Editor's note: Laurence J. Kotlikoff, an economist, is a William Fairfield Warren Professor at Boston University, a columnist for Bloomberg and Forbes, and the author of 14 books including "Jimmy Stewart Is Dead" (John Wiley and Sons), "The Healthcare Fix" (MIT Press), and "The Coming Generational Storm" (co-authored with Scott Burns, MIT Press).Read the rest here.
Boston, Massachussetts (CNN) -- Our government is utterly broke. There are signs everywhere one looks. Social Security can no longer afford to send us our annual benefit statements. The House can no longer afford its congressional pages. The Pentagon can no longer afford the pension and health care benefits of retired service members. NASA is no longer planning a manned mission to Mars.
We're broke for a reason. We've spent six decades accumulating a huge official debt (U.S. Treasury bills and bonds) and vastly larger unofficial debts to pay for Social Security, Medicare, and Medicaid benefits to today's and tomorrow's 100 million-plus retirees.
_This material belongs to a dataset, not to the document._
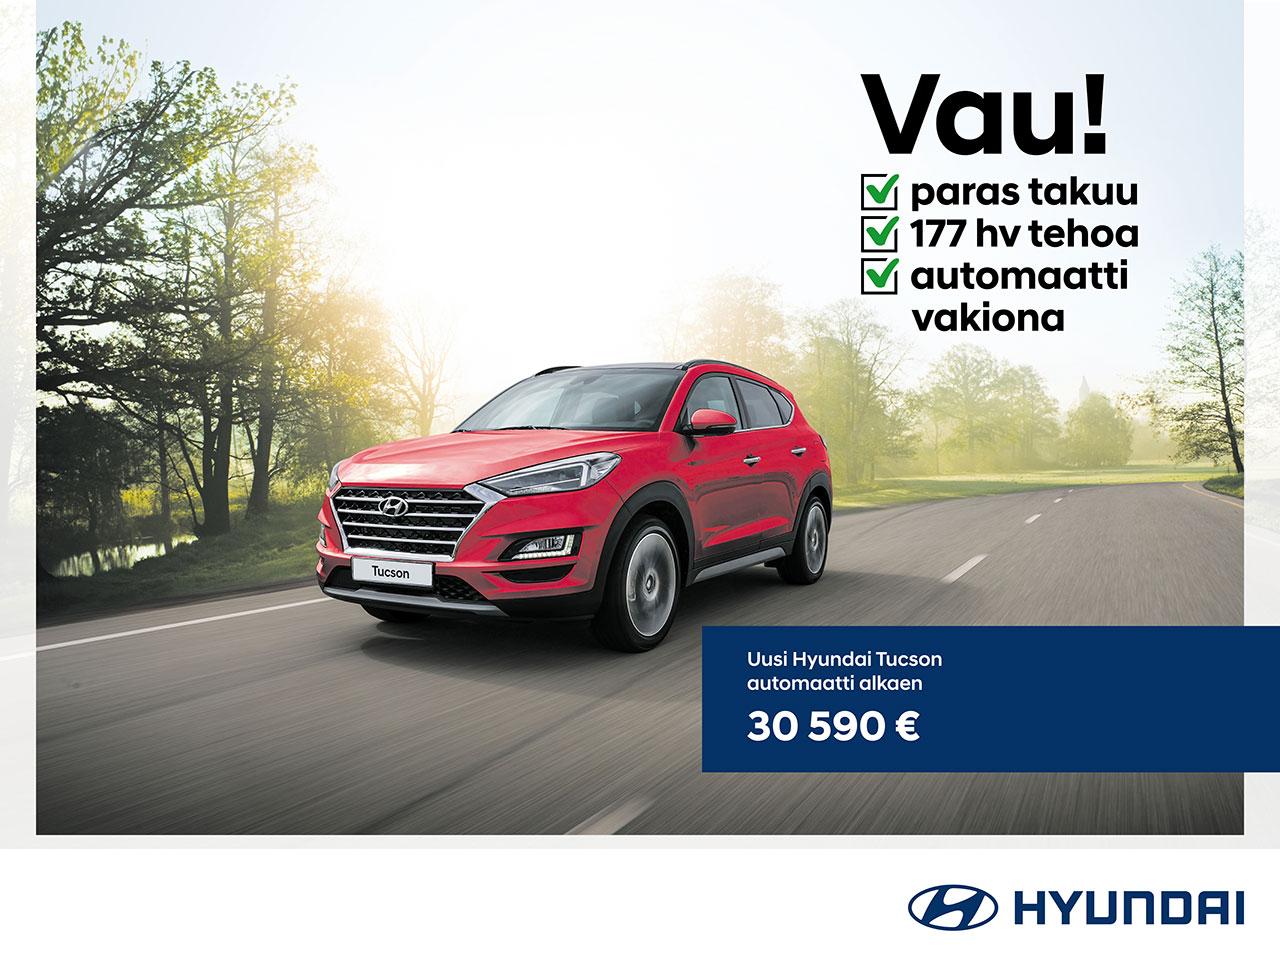 Hyundai Tucson: Tehdas Packit -50%

The government's total indebtedness -- its fiscal gap -- now stands at $211 trillion, by my arithmetic. The fiscal gap is the difference, measured in present value, between all projected future spending obligations -- including our huge defense expenditures and massive entitlement programs, as well as making interest and principal payments on the official debt -- and all projected future taxes.
The data underlying this figure come straight from the horse's mouth -- the Congressional Budget Office. The CBO's June 22 Alternative Fiscal Scenario presents nothing less than a Greek tragedy. It's actually worse than the Greek tragedy now playing in Athens. Our fiscal gap is 14 times our GDP. Greece's fiscal gap is 12 times its GDP, according to Professor Bernd Raffelhüschen of the University of Freiburg.
In other words, the U.S. is in worse long-term fiscal shape than Greece. The financial sharks are circling Greece because Greece is small and defenseless, but they'll soon be swimming our way.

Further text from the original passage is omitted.